Ich gehöre zu den "Nur-Bestrahlten" und habe mit dieser Therapie bisher sehr gute Erfahrungen gemacht. Hatte keinerlei Nebenwirkungen. Der PSA Wert pendelt seit langer Zeit zwischen 1,2 und 1,7.
Erwin

Anonymous2
28.08.2006, 07:43
Hallo,
selbst habe ich keine Erfahrungen mit den Nebenwirkungen einer Strahlentherapie, kann aber von Betroffenen aus der Selbsthilfegruppe berichten.
Abgesehen von den Hautrötungen und den leichten Problemen am Po stellen sich doch verhältnismäßig oft nach längerer Zeit merkbare Beschwerden mit dem Darm ein. Es sind Blutungen die teilweise recht
kräftig in Erscheinung treten. Ich glaube sagen zu können, dass man diese Nebenwirkungen akzeptieren muss, wenn man sich bestrahlen läßt. Vorbeugen mit entsprechenden Naturmitteln für die Verdauung ist angezeigt.

Gruß
Franz

freddy
08.09.2006, 13:56
Ich glaube sagen zu können, dass man diese Nebenwirkungen akzeptieren muss, wenn man sich bestrahlen läßt. Vorbeugen mit entsprechenden Naturmitteln für die Verdauung ist angezeigt.

Gruß
Franz

hallo,
wer kann mir zur vorbeugung ernährungstipps geben oder links nennen?
danke
freddy

ganther
13.09.2006, 19:58
Hallo Heinrich,
mein PSA-Wert hat nun auch 3,9 erreicht, 1/2Jahr nach der IMRT-Bestrahlung. Neben erhöhtem Stuhldrang hatte ich auch eine Darm-Schleimbildung, die jedoch nach und nach zurückgeht. Ich hoffe nur, daß die PSA-Erhöhung wirklich nur strahlenbedingt ist, was ja auch immer wieder angemerkt wird.
Mein Rezidiv ist mit 60 Gy bei 30 Terminen behandelt worden.
Grüsse, ganther

Herbert Kramlofsky
15.09.2006, 20:23
Hallo Heinrich,
ich hatte vom 10.10. bis 6.12.2005 insgesamt 38 Bestrahlungen, insgesamt 68,4 Gy.
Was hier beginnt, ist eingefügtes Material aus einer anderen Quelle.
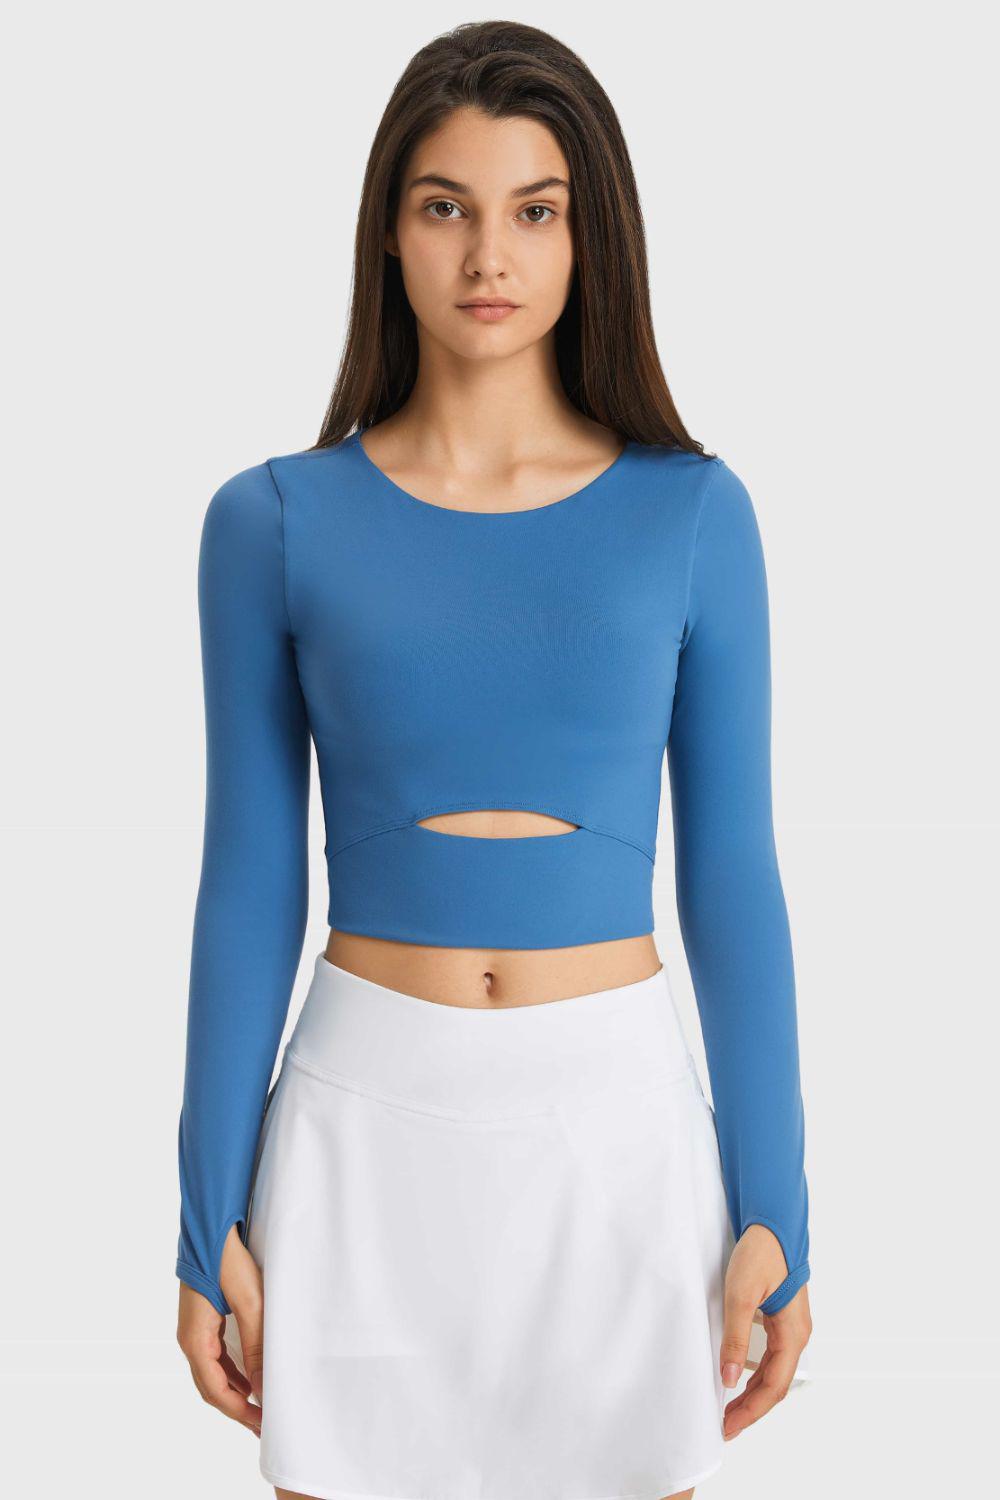 Cutout Long Sleeve Cropped Sports Top-TOPS / DRESSES-[Adult]-[Female]-Blue-4-Blue Zone Planet

Bei Bestrahlungsbeginn hatte ich einen PSA-Wert von 7,0. Ich wurde im Feb. 1998 operiert und der PSA-Anstieg kam von einem Rezidiv. Die weiteren PSA-Werte: 8.11.05 - 4,1; 22.12.05 - 3,08; 23.2.06 - 1,34; 22.6.06 - 0,42.
Nebenwirkungen: Nach dem Ende der ST, ab und zu etwas Durchfall, hat sich aber wieder gegeben. Was bis heute noch geblieben ist, sind des öfteren etwas laute Darmgeräusche (Winde). Keine Blutungen. Mir geht es soweit ganz gut.
Vor der ST habe ich eine USPIO gemacht um Lymphknotenmetastasen auszuschließen. Meine PK-Geschichte kannst Du in meinem Profil nachlesen.